The documentation of these low-gradient coastal outflows and outbursts extends the environmental scope of GLOF studies beyond high-altitude continental mountains (Lützow et al., 2023). While recent work has investigated GLOF-related sedimentary and geomorphological impacts in Patagonian-Fuegian fjords (Bertrand et al., 2017; Vandekerkhove et al., 2021; Piret et al., 2022), our results shed particular light on how glacial drainage interacts with low-lying coastal landscapes during deglacierisation—a process that is less well-documented in such maritime, low-lying areas. This provides new insights into the drainage mechanisms and landform signatures of GLOFs in environments where hydraulic gradients and sediment availability differ markedly from high-mountain systems.

6 Conclusion

The rapid retreat of glaciers in the Cordillera Darwin and Cloue Icefields of Tierra del Fuego over the last 8 decades has led to profound changes in the region’s glacial lake systems, with significant implications for landscape evolution. This study shows a substantial growth in the number and area of glacial lakes since 1945, with the total number of lakes increasing by 461% (from 33 to 185) and the total area by 124% (from 28.2 to 63.3 km²). This growth reflects the transition from ice-dammed lakes, which were predominant in the mid-20th century, to moraine-dammed systems, which now account for over 80% of the total lake area. The increase in small lakes highlights widespread glacier fragmentation, while large lakes, although smaller in number, dominate water storage and underline their hydrological importance in deglacierising environments.

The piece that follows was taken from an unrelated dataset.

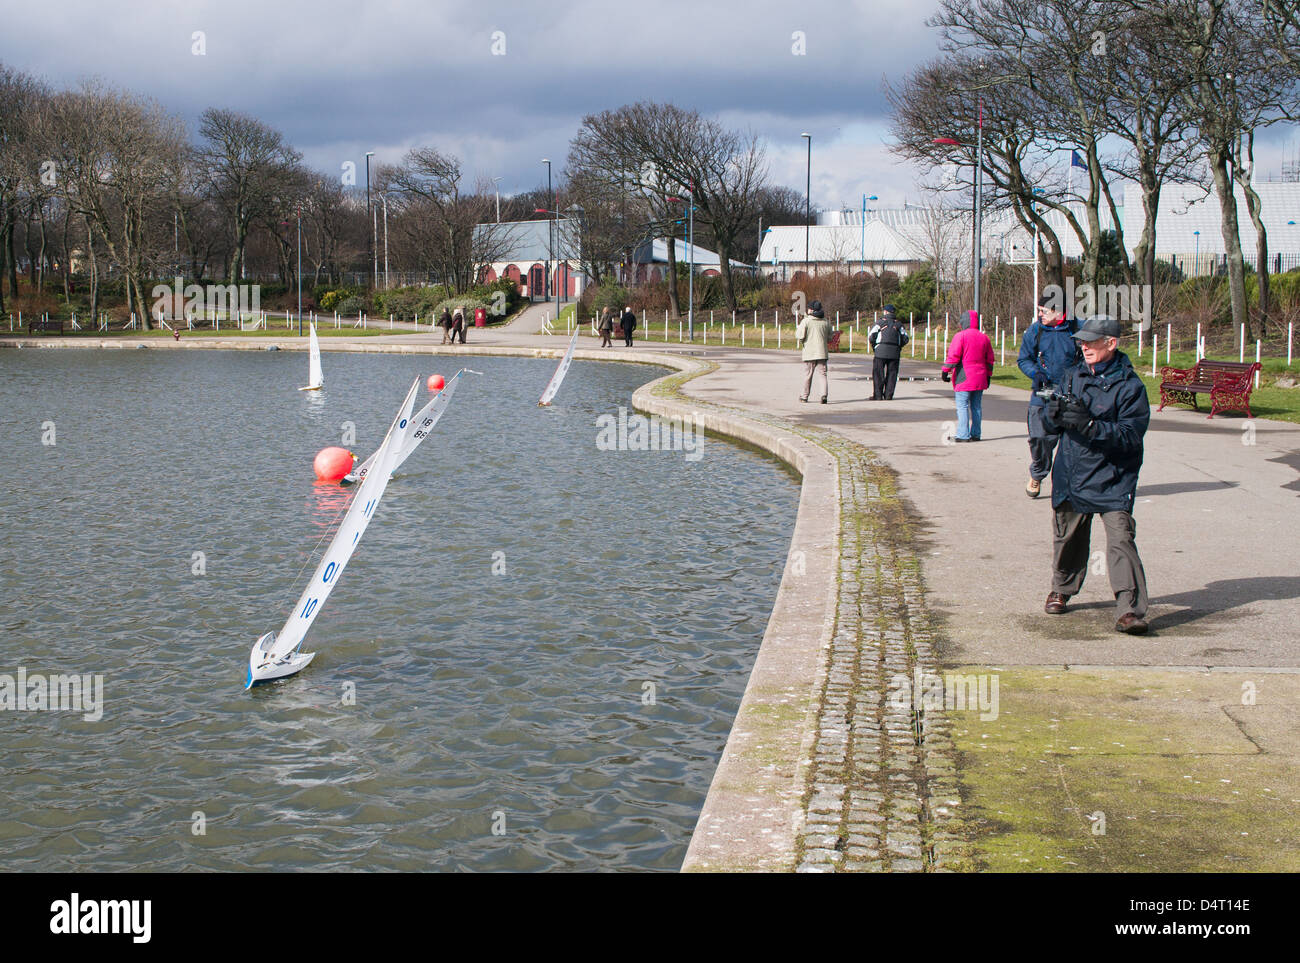 Enthusiasts sailing radio controlled model yachts in South Marine Park South Shields north east England UK Stock Photo
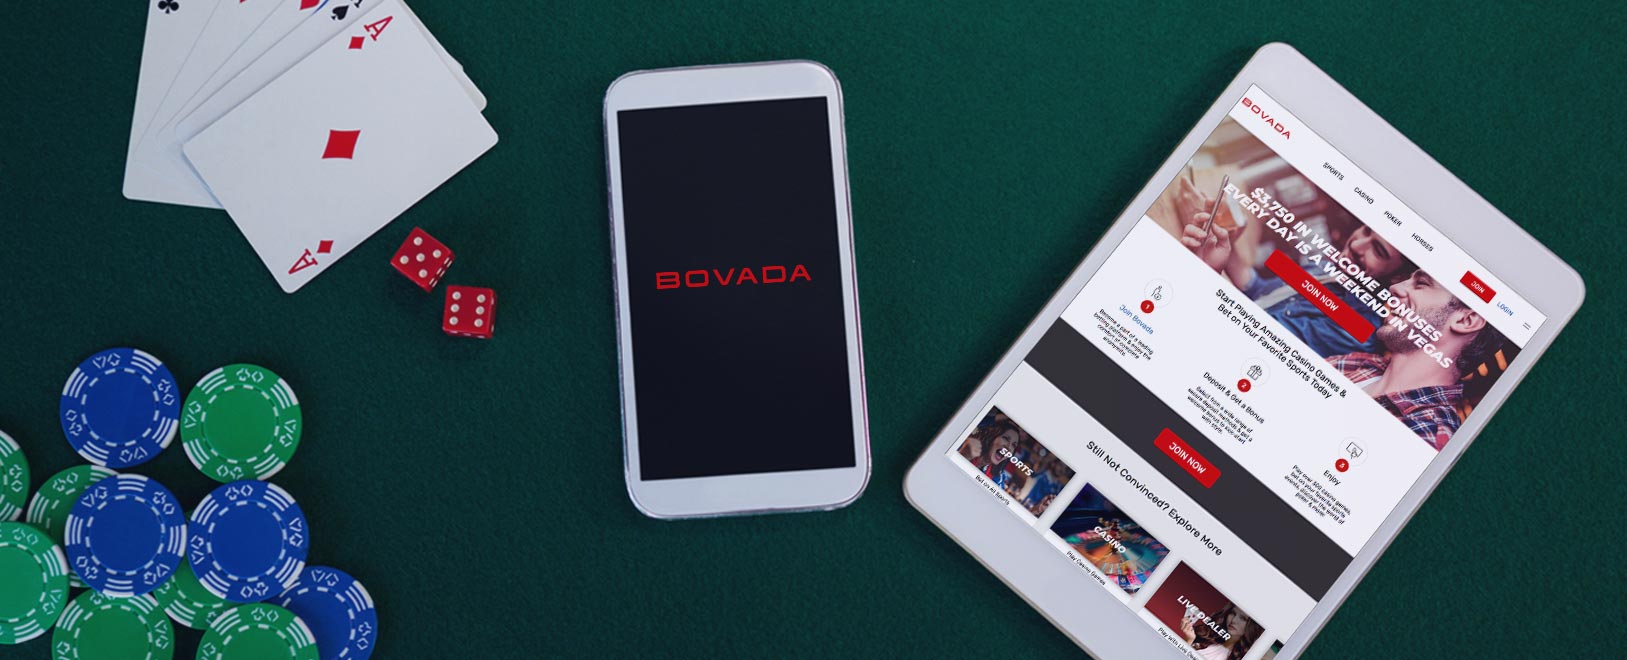 Bovada mobile live betting bovada strony csgo betting website

The decisive factor for this change is the interplay of climatic warming, glacier retreat and topographic controls. The CDI became the epicentre of lake development (59% of the total lake area), which was driven by the retreat of the outlet glaciers into overdeepened valleys. The Monte Sarmiento massif experienced the most rapid growth (16-fold increase in area), while the Cloue Icefield transitioned to freshwater calving systems. The temporal acceleration of lake expansion (1986–2006 and 2019–2024) coincided with increased regional warming and glacier mass loss observed throughout Patagonia.

The study documents previously unrecorded GLOFs, including the Fouque 2018 event—the largest in the region—which released 28.3 × 10⁶ m³ of water through cascading failure of two interconnected moraine-dammed lakes. The cyclic partial outflows of the ice-dammed Lago Mateo Martinic (1997–2024) illustrates the progressive destabilisation of its ice dam, which exhibits mass loss rates nearly six times greater than the glacier-wide average. In addition, historical reports of a 1997/98 GLOF in Fiordo Fouque highlights the region’s susceptibility to GLOFs. Although these events are not hazardous in this sparsely populated area, they highlight the susceptibility of ice dams to hydrostatic failure under prolonged meltwater input and the failure of moraine dams due to the increase in hydrodynamic pressure caused by mass movements. The trigger mechanisms, including prolonged warming episodes and cascading interactions between lakes, are consistent with global patterns, emphasizing the need for a holistic assessment of glacial lake systems.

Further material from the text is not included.